Kenya has repeatedly acknowledged the dire need for criminal justice reform, and that the present system is particularly skewed against the urban poor and young. Retired Chief Justice David Maraga set up the National Committee on Criminal Justice Reforms in January 2018, with the mandate to comprehensively review the sector and make recommendations to drive reform. A committee was established to oversee the implementation of the Bail and Bond Policy Guidelines. If properly funded, these reforms would produce an efficient and well-coordinated system that guarantees justice to all, at all stages.  

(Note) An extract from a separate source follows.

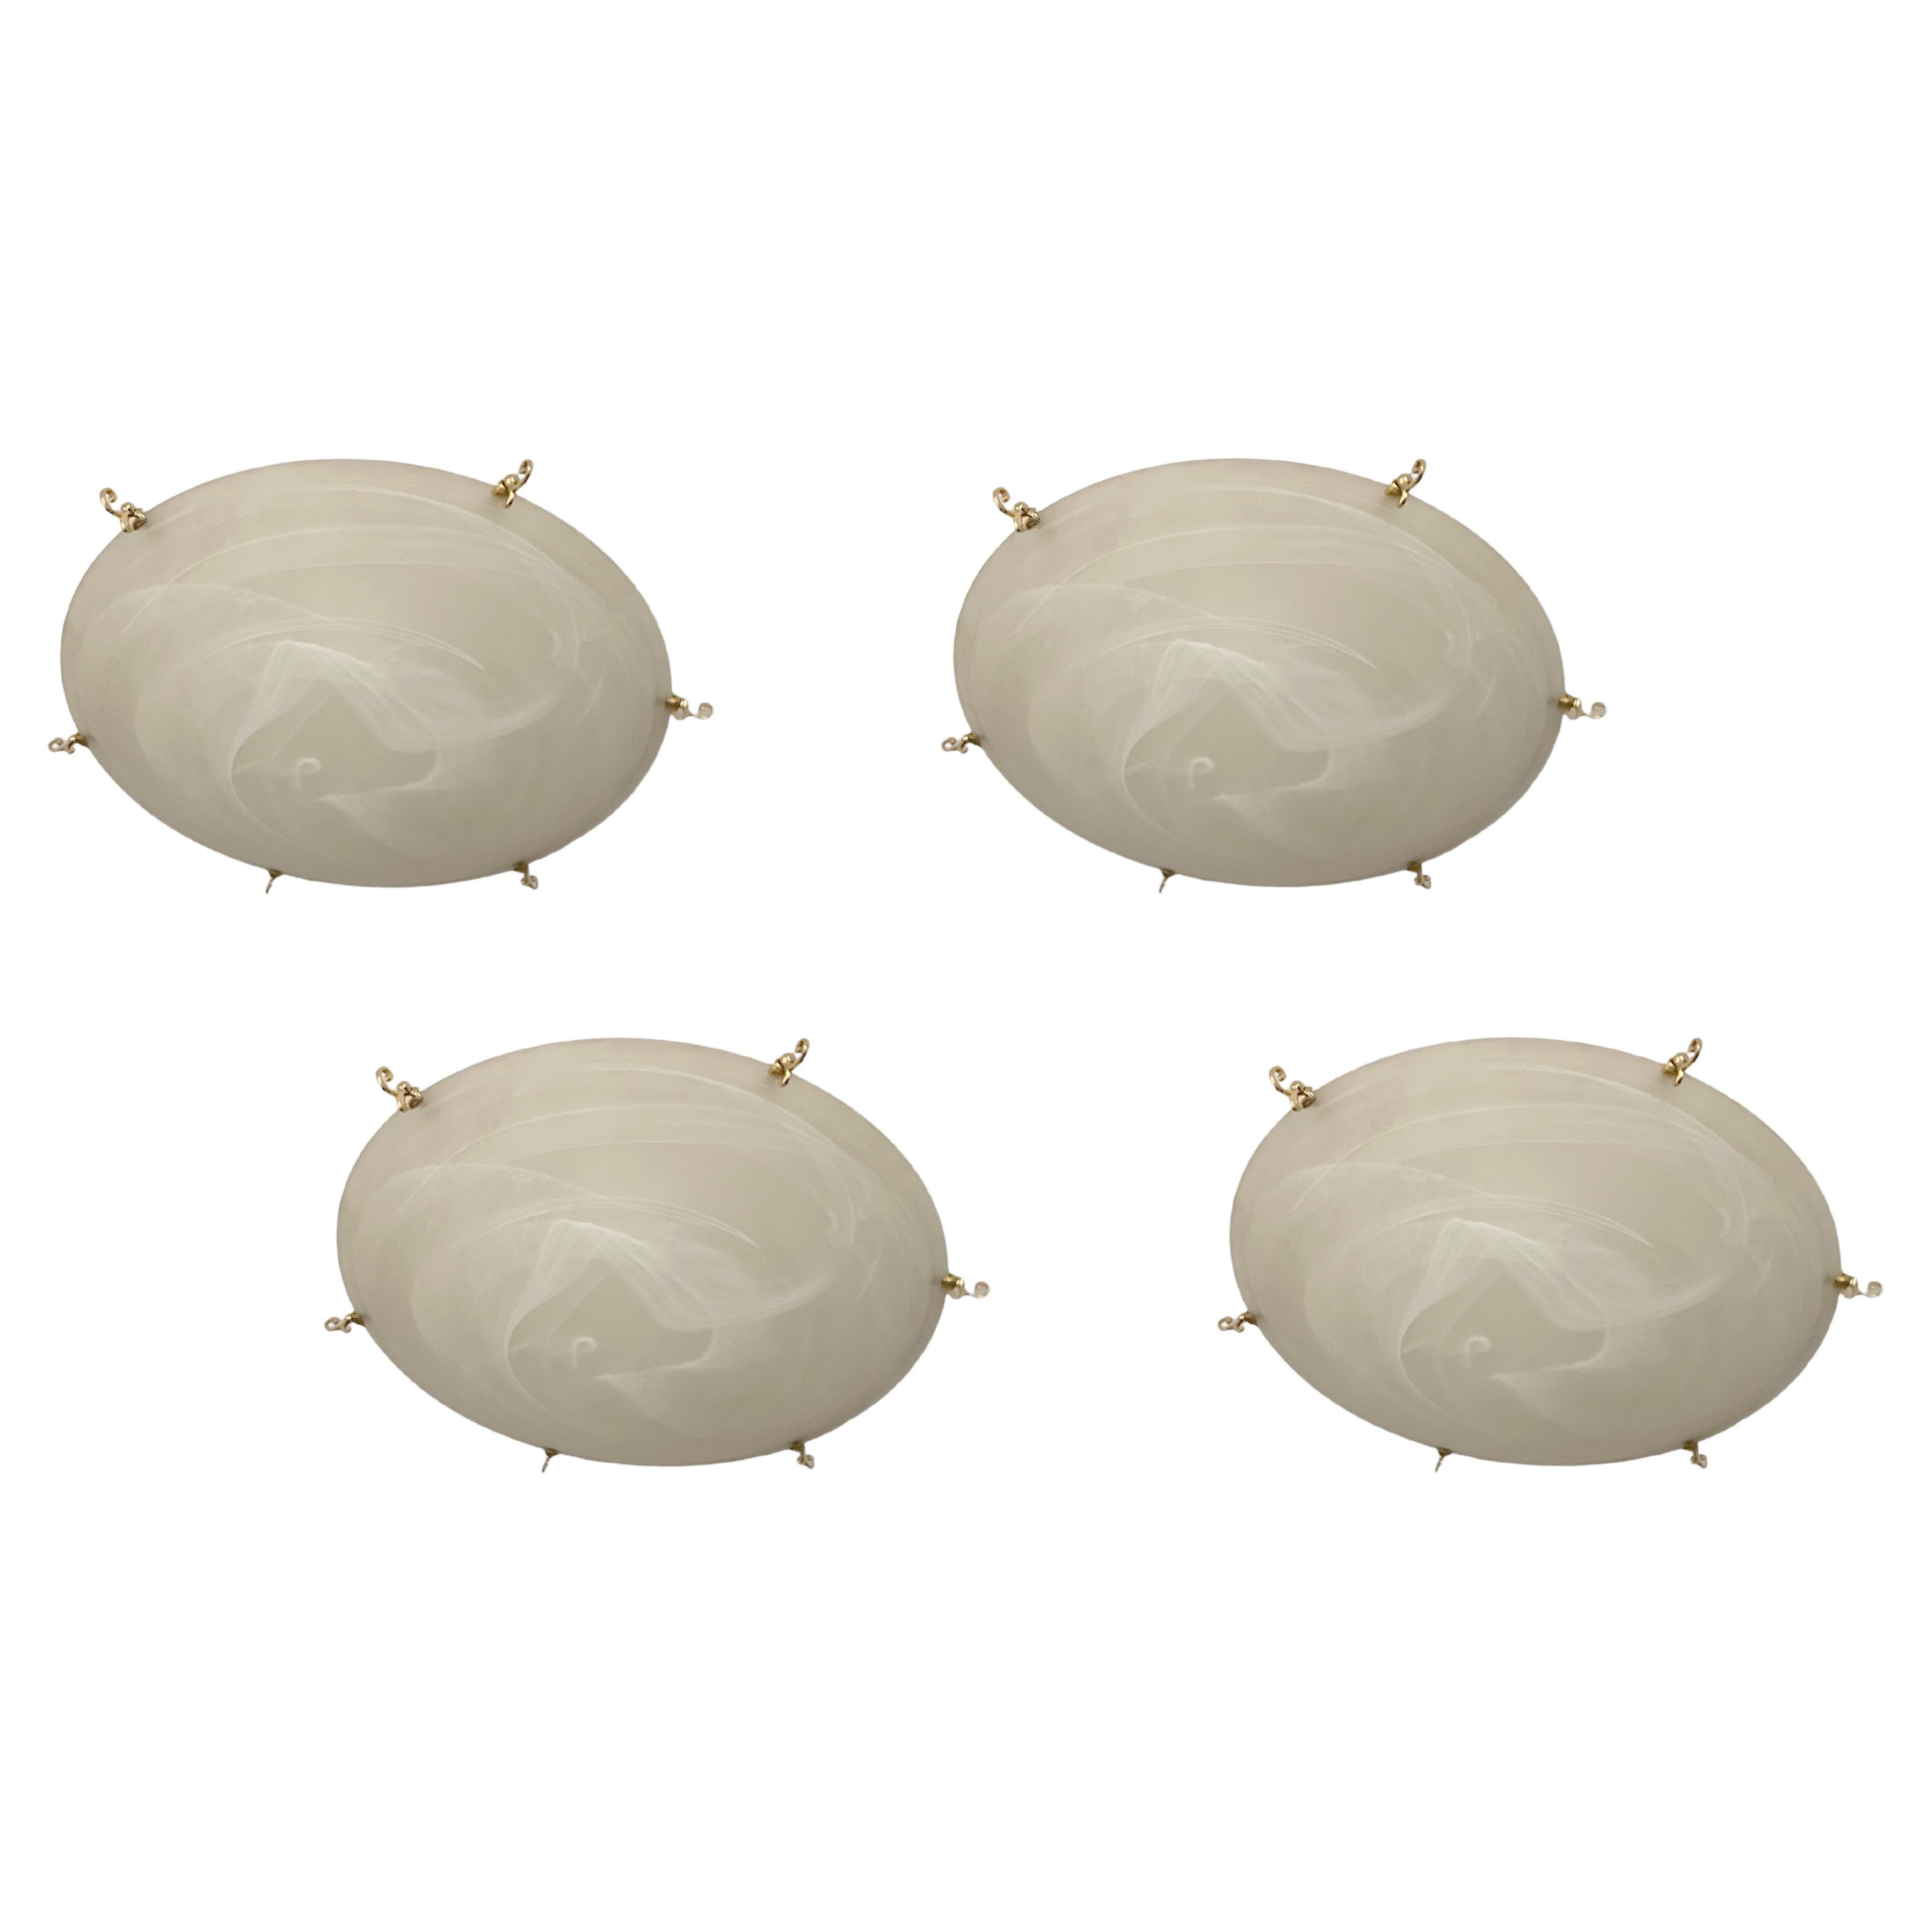 4 Amaizing Ceiling Lights, Italian, in Murano , Style, Art Deco, 1930 For Sale

Importing plea bargaining 

The challenge these well-intended criminal justice reforms are now facing is that state agencies including the Judiciary and the Office of the Director of Public Prosecutions (ODPP) are starved of much needed government funding because of other competing (political and national) agendas. This has led them to seek external sources of funding, such as from international aid agencies or foreign governments, with varying results. One example of this is a scheme to promote use of plea bargaining and diversion in Kenya, sponsored by the US Government and implemented through the ODPP. The scheme has led to prosecutors negotiating deals with unrepresented indigent defendants who have no idea what plea bargaining is, apart from a means to leave remand prison quickly if they happen to ‘win’ a non-custodial sentence in exchange for a guilty plea. In practice, this process often happens without defence lawyers, so that vulnerable pretrial detainees may end up accepting unfair deals just to get out of remand prisons – and no backstop as a safeguard. In effect, a dearth of adequate financing for criminal justice reform has resulted in the importation of policies and practices from other jurisdictions without thought for their suitability, and without sufficient safeguards for the vulnerable whose rights are at stake.  

No more quick fixes 

To fix Kenya’s ailing criminal justice system, the discourse needs to move from the board rooms and conference centres into the informal urban settlements where most arrests and over-policing occurs, the police stations where thousands are unjustly held, and abused, and the court rooms where people’s hopes for justice are routinely dashed, be they victims or suspects. That is where Kenya’s criminal justice system must transform – in consultation with the people most affected by it. The inclination to do the bare minimum and find quick fixes for a criminal justice system that is bursting at its seams, will do nothing to improve it. We must all ensure this is not the future of criminal justice in Kenya.